<<<<

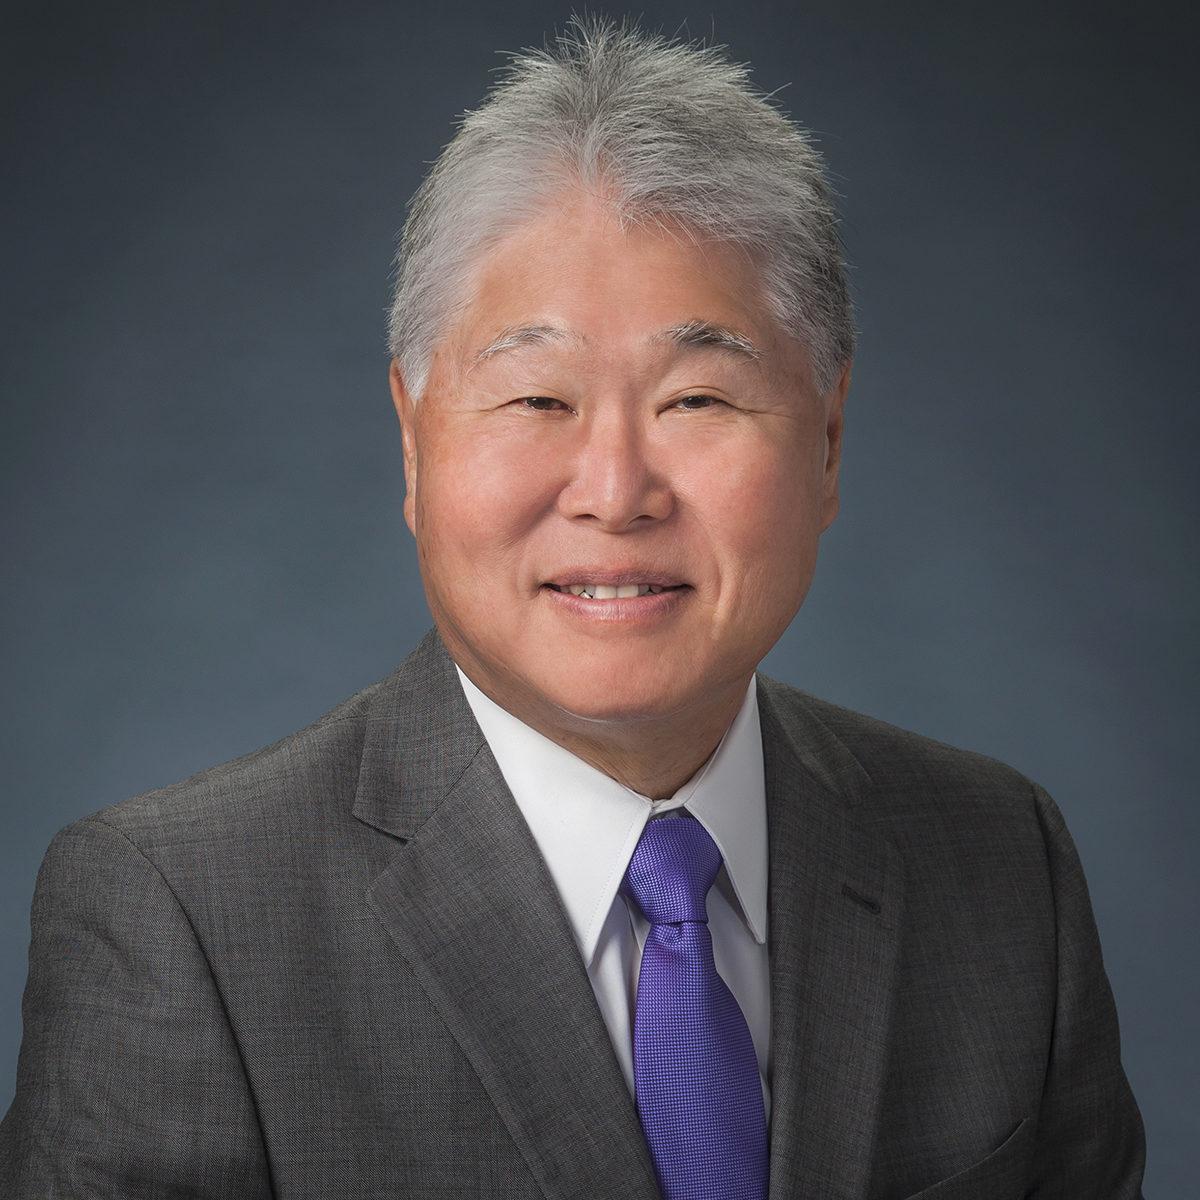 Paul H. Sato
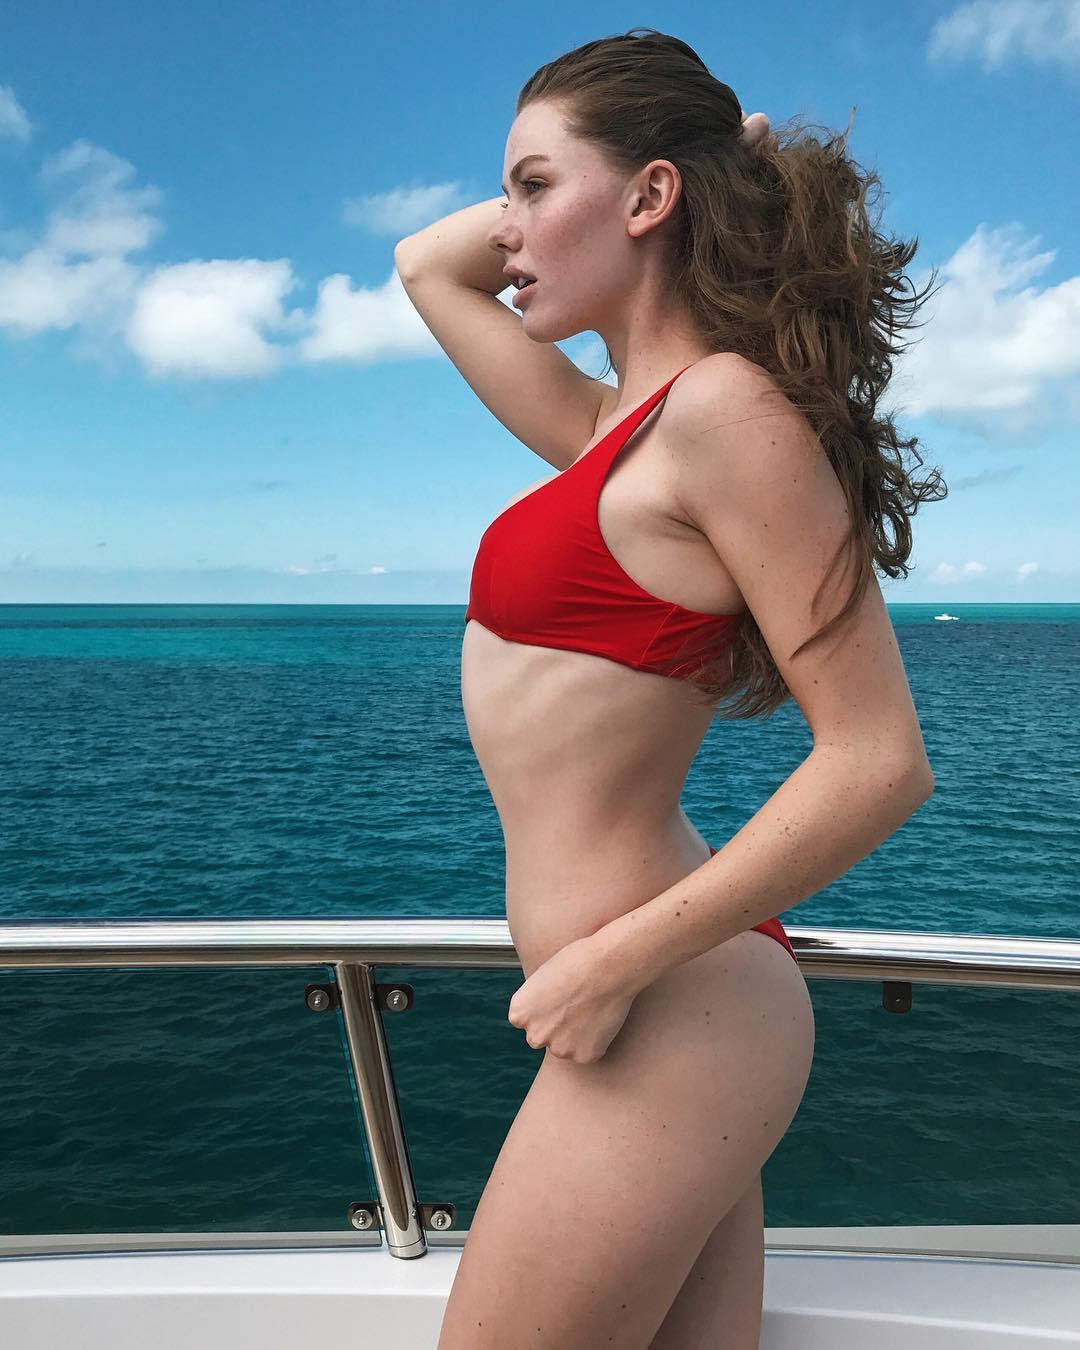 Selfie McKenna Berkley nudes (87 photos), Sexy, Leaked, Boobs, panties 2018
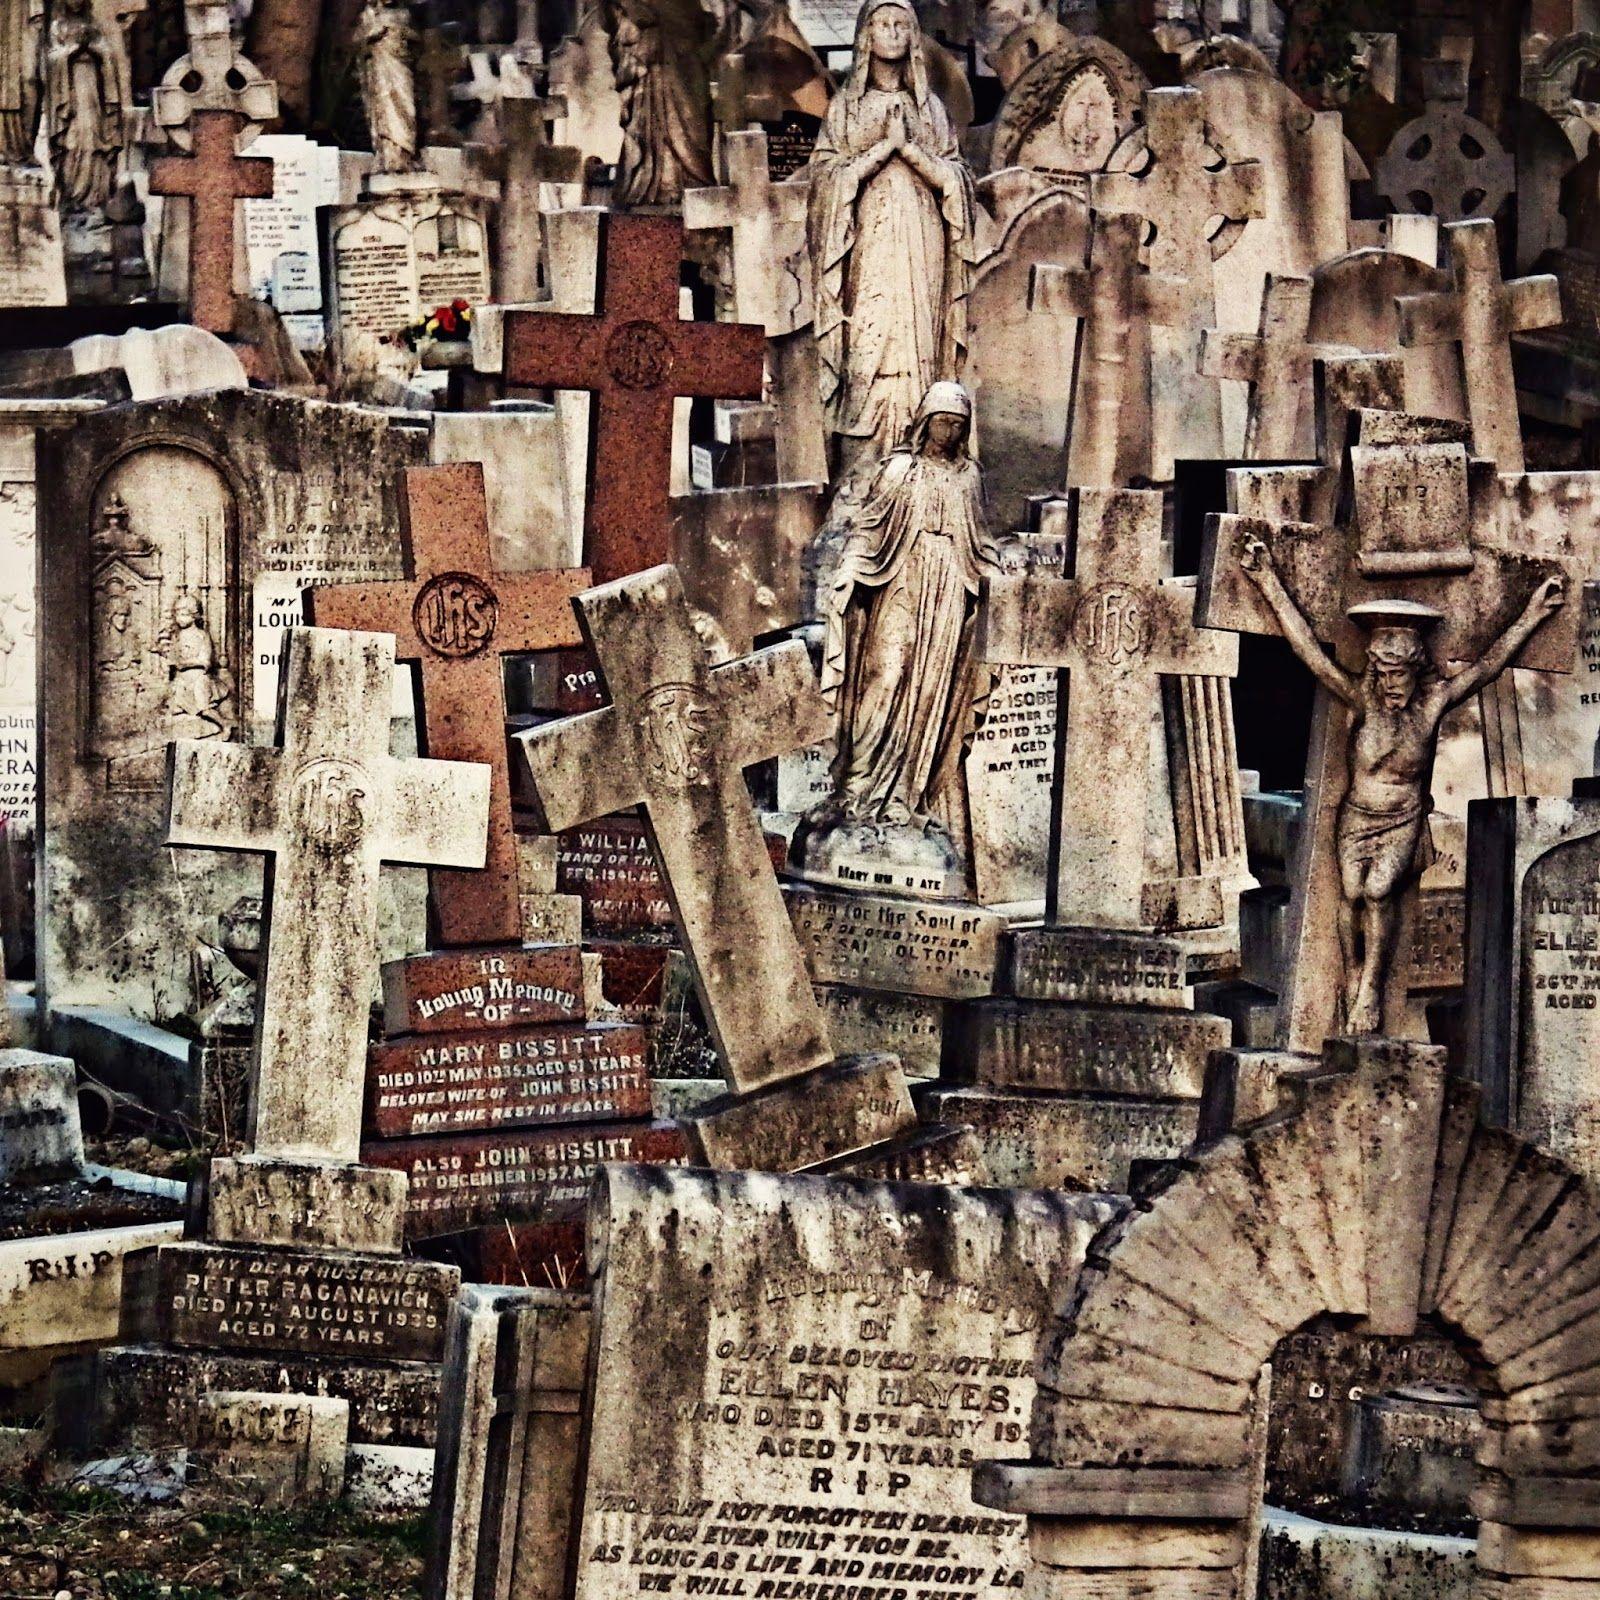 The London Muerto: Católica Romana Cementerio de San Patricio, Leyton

>>>>

◆ **Task to complete**
When you restate the listing above, give each line word for word but leave out every image.

◆ **Response to the exercise**
 Paul H. Sato
 Selfie McKenna Berkley nudes (87 photos), Sexy, Leaked, Boobs, panties 2018
 The London Muerto: Católica Romana Cementerio de San Patricio, Leyton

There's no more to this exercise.